Activity: Images are to be left out; everything else in the listing should be repeated exactly.

Data provided:
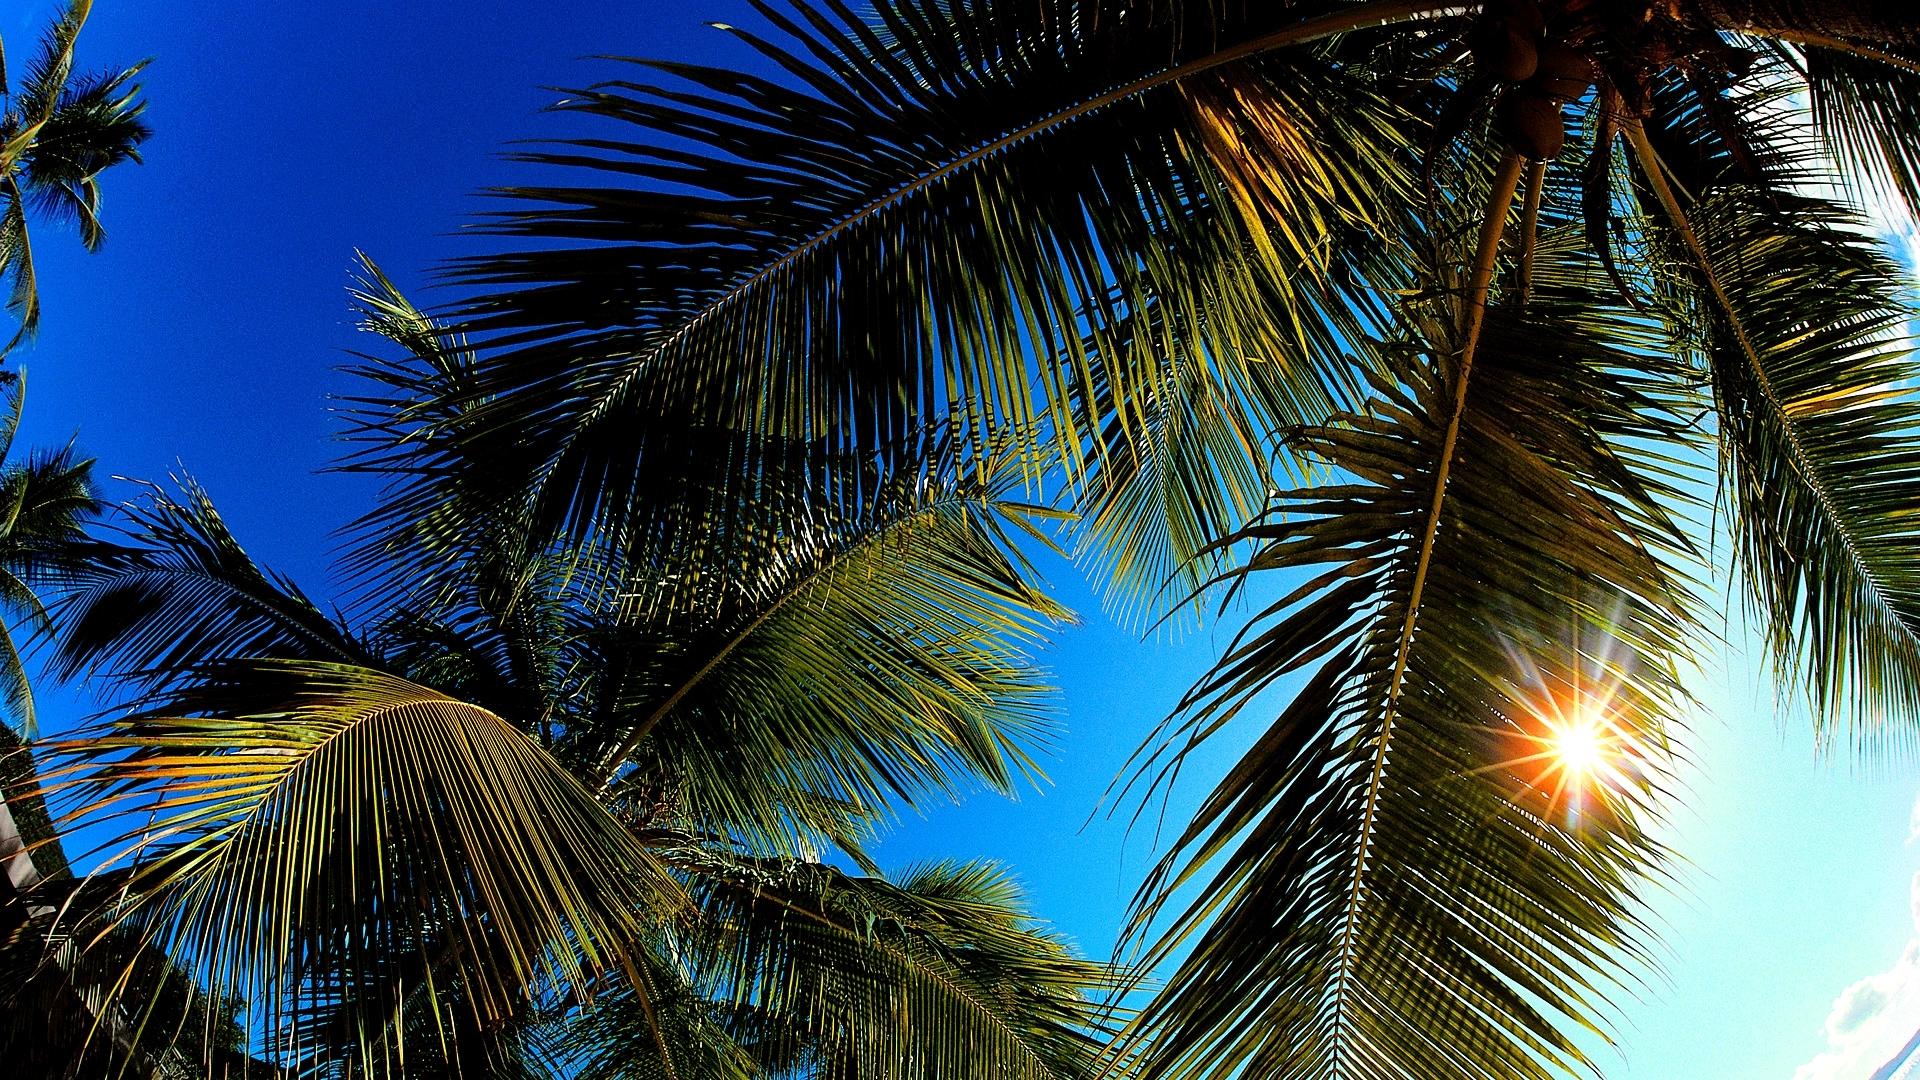 Les palmiers – Cap' vert
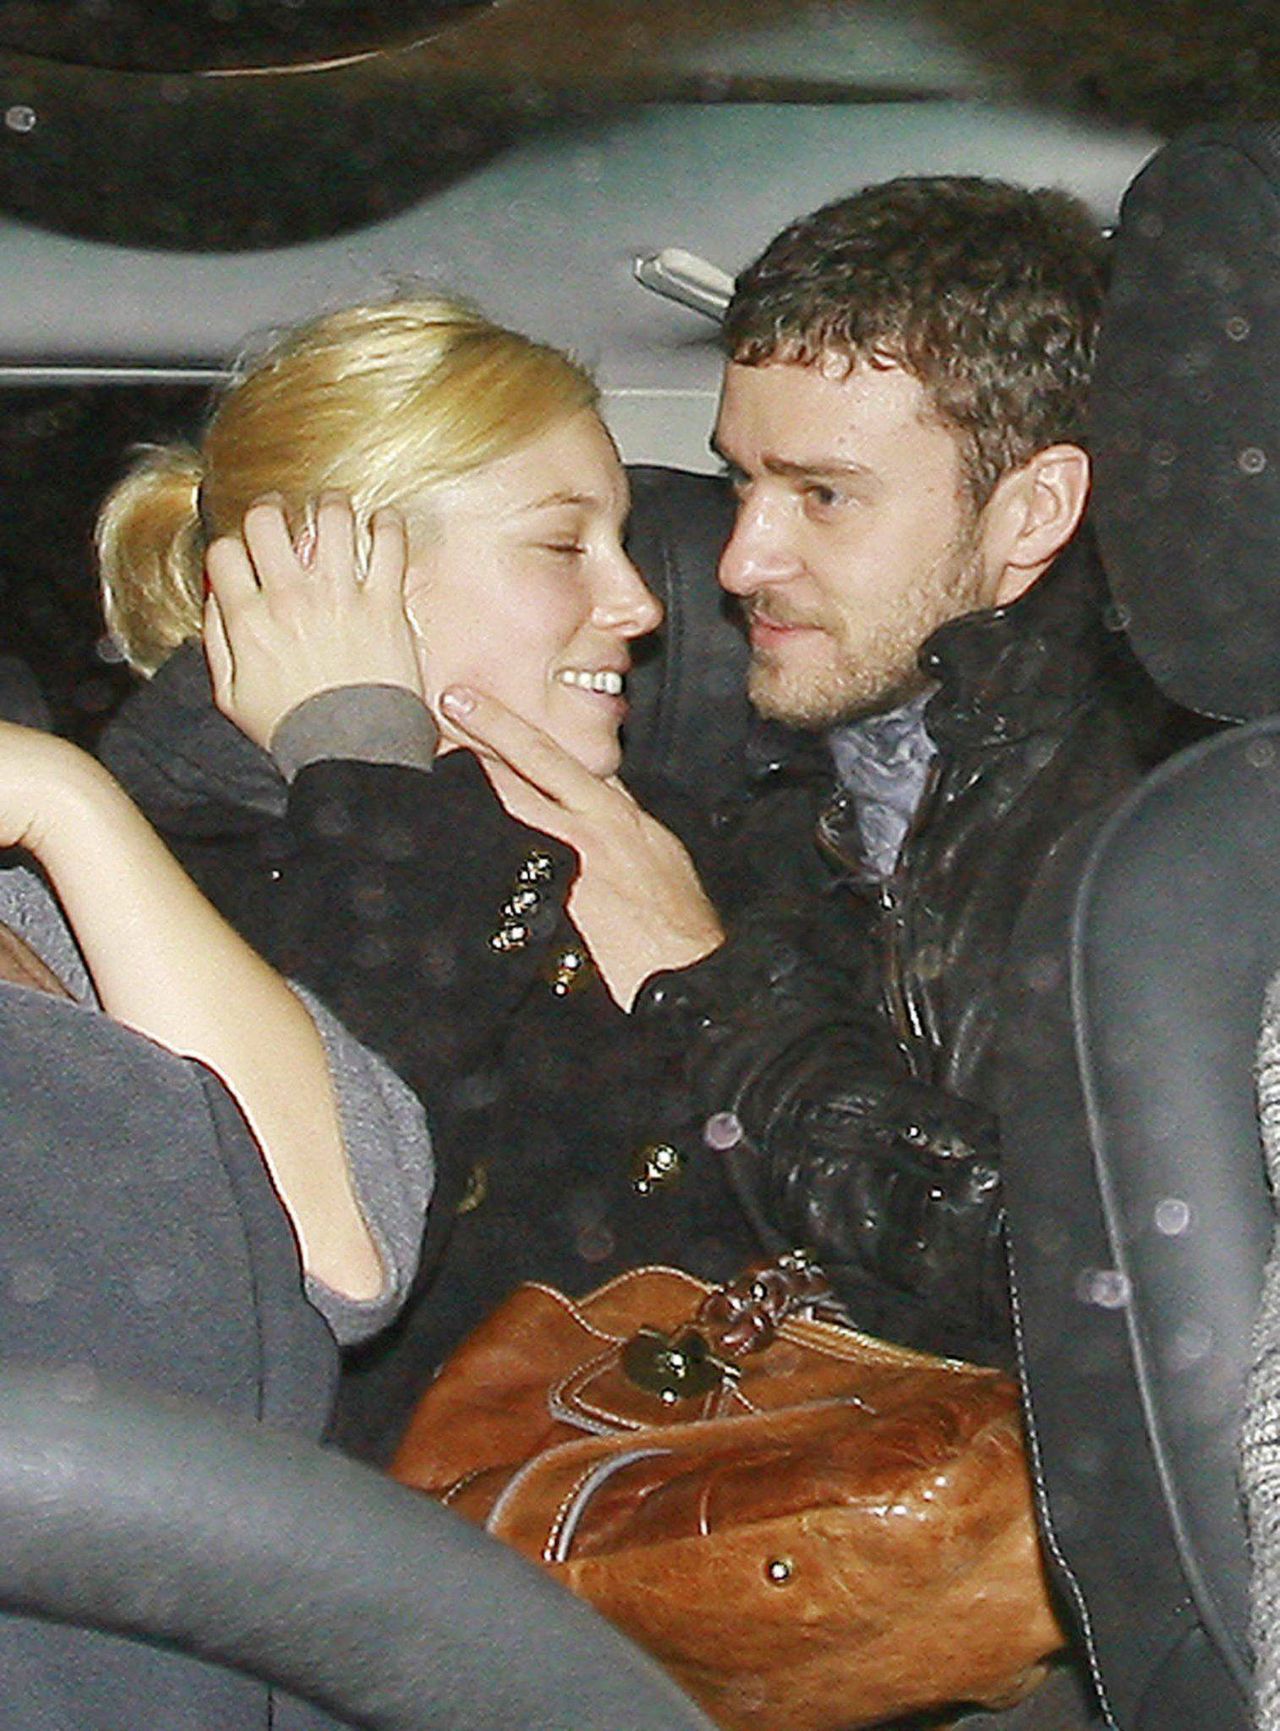 Justin Timberlake i Jessica Biel spotykali się od lutego 2007 do marca 2011 roku, wrócili do siebie po czteroletniej przerwie
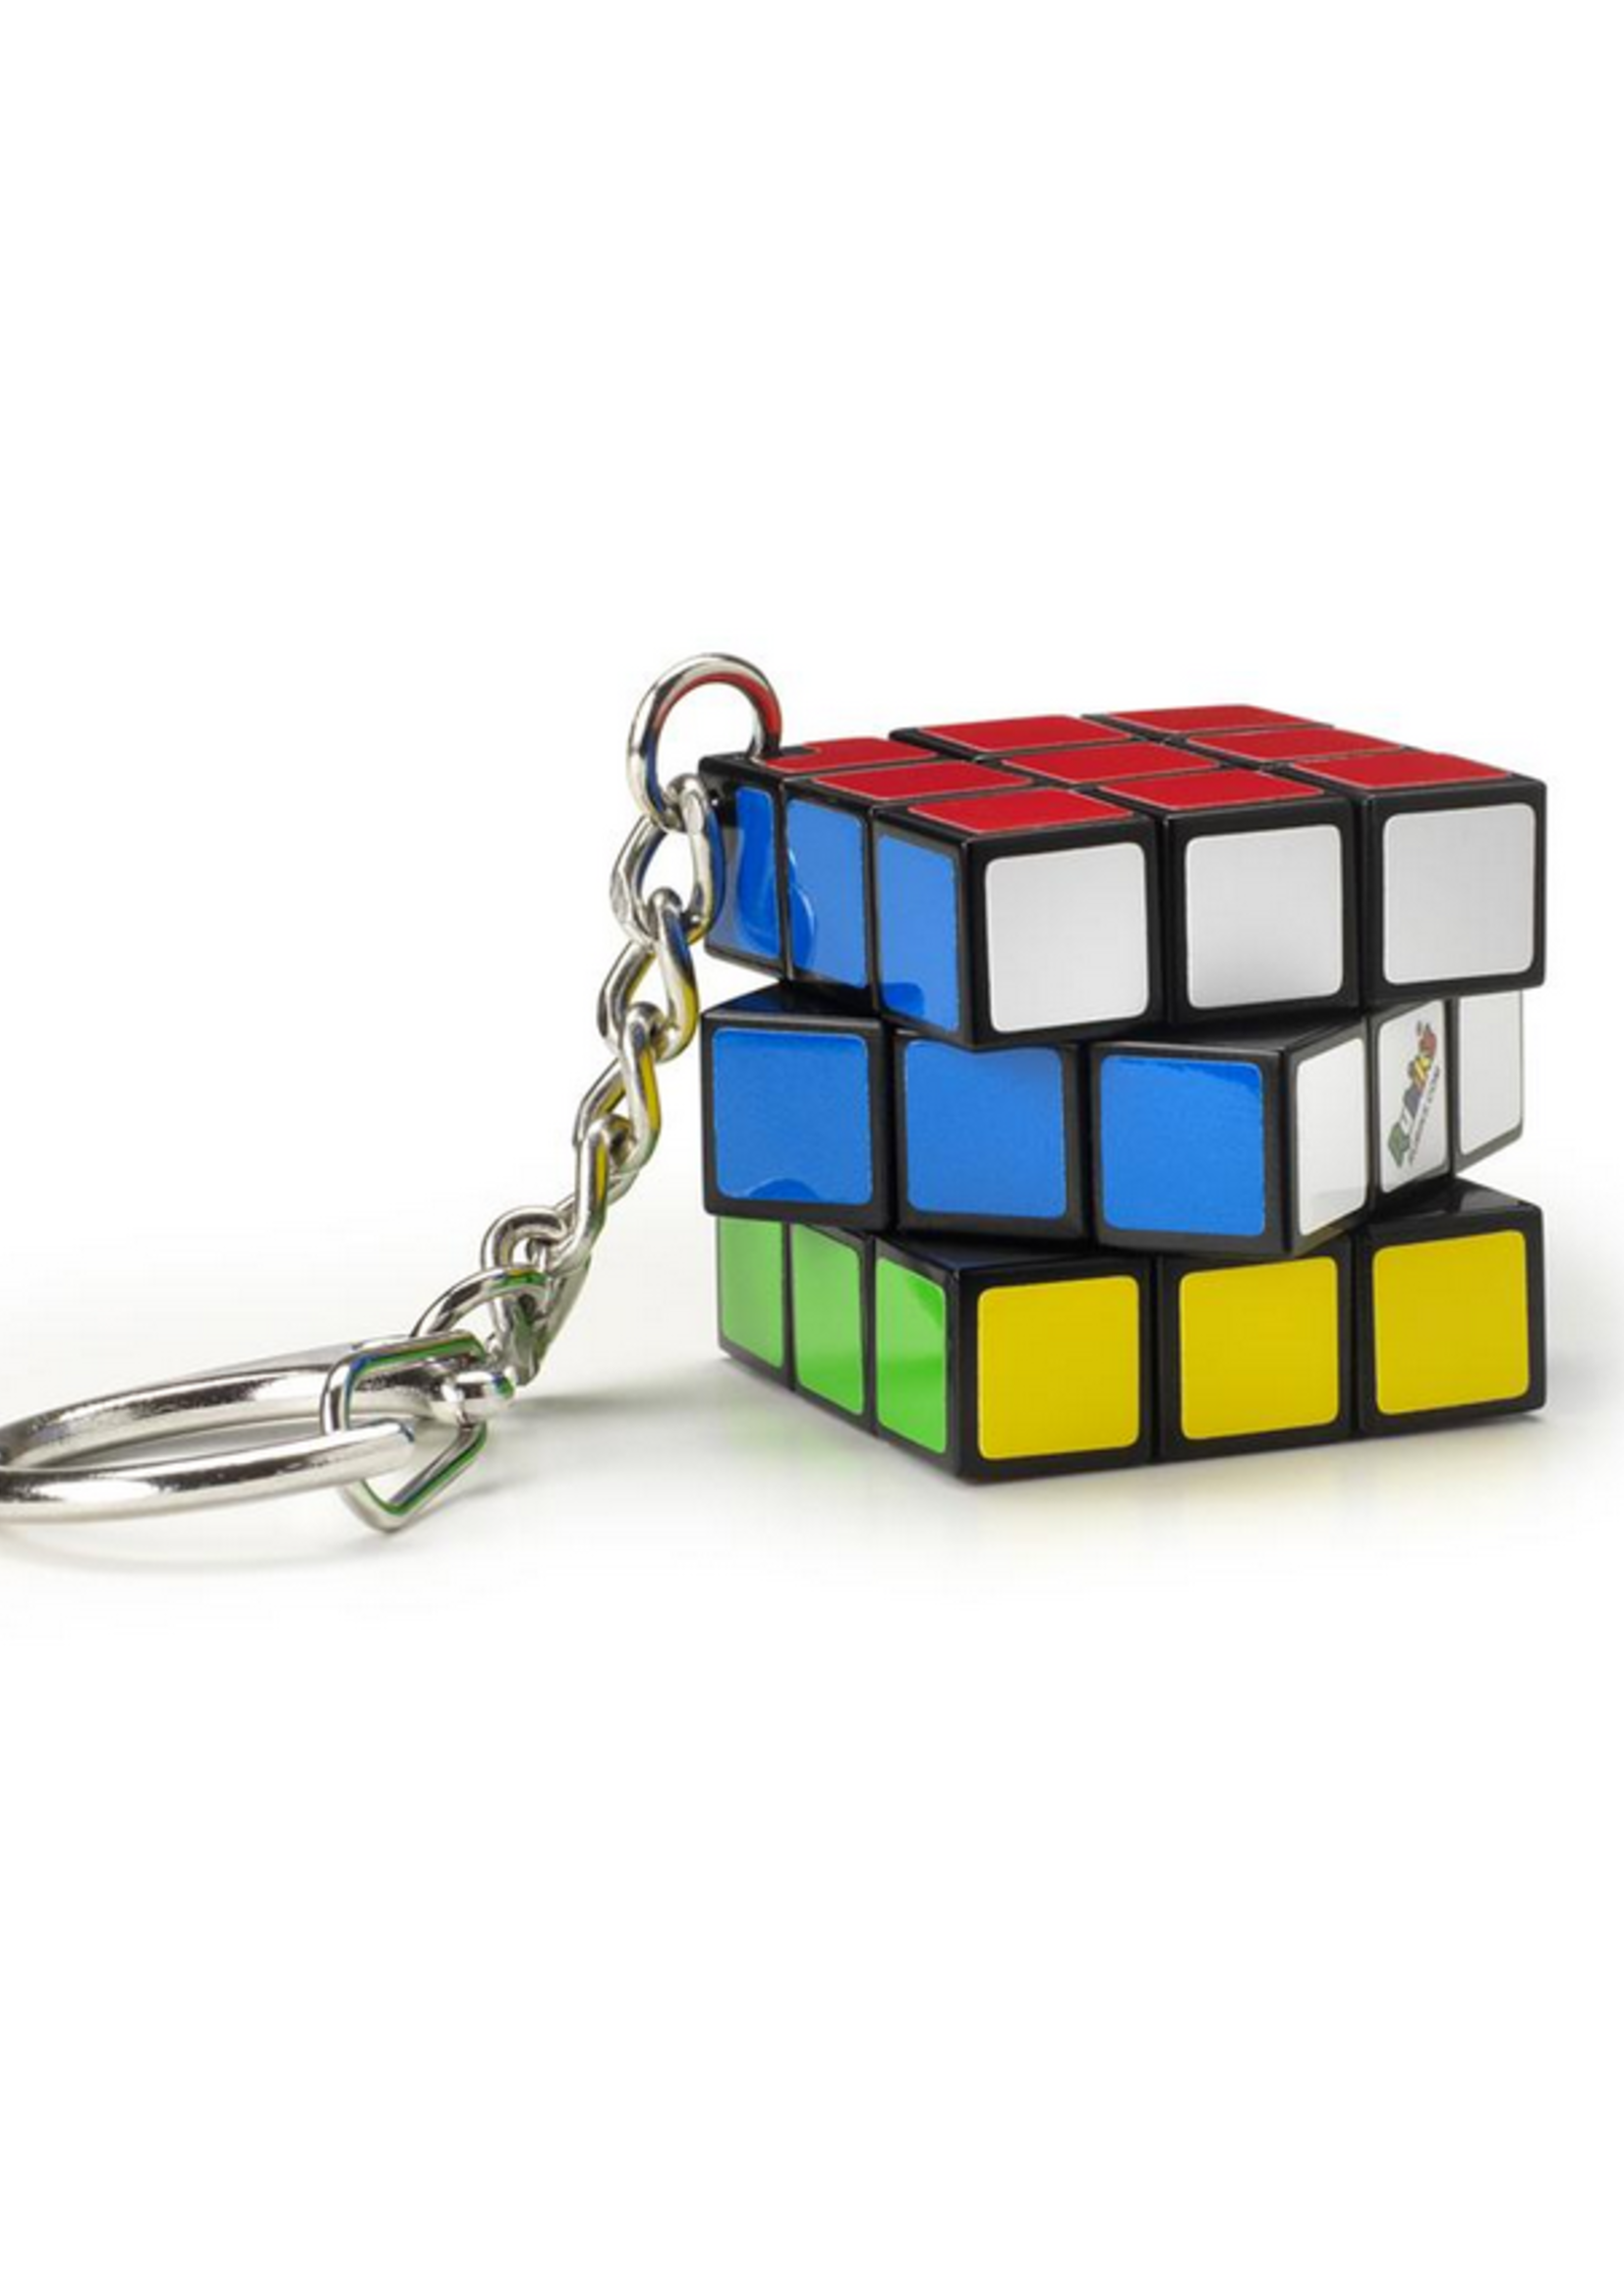 Rubik's Rubiks keychain 3x3 cdu

Solved exercise:
 Les palmiers – Cap' vert
 Justin Timberlake i Jessica Biel spotykali się od lutego 2007 do marca 2011 roku, wrócili do siebie po czteroletniej przerwie
 Rubik's Rubiks keychain 3x3 cdu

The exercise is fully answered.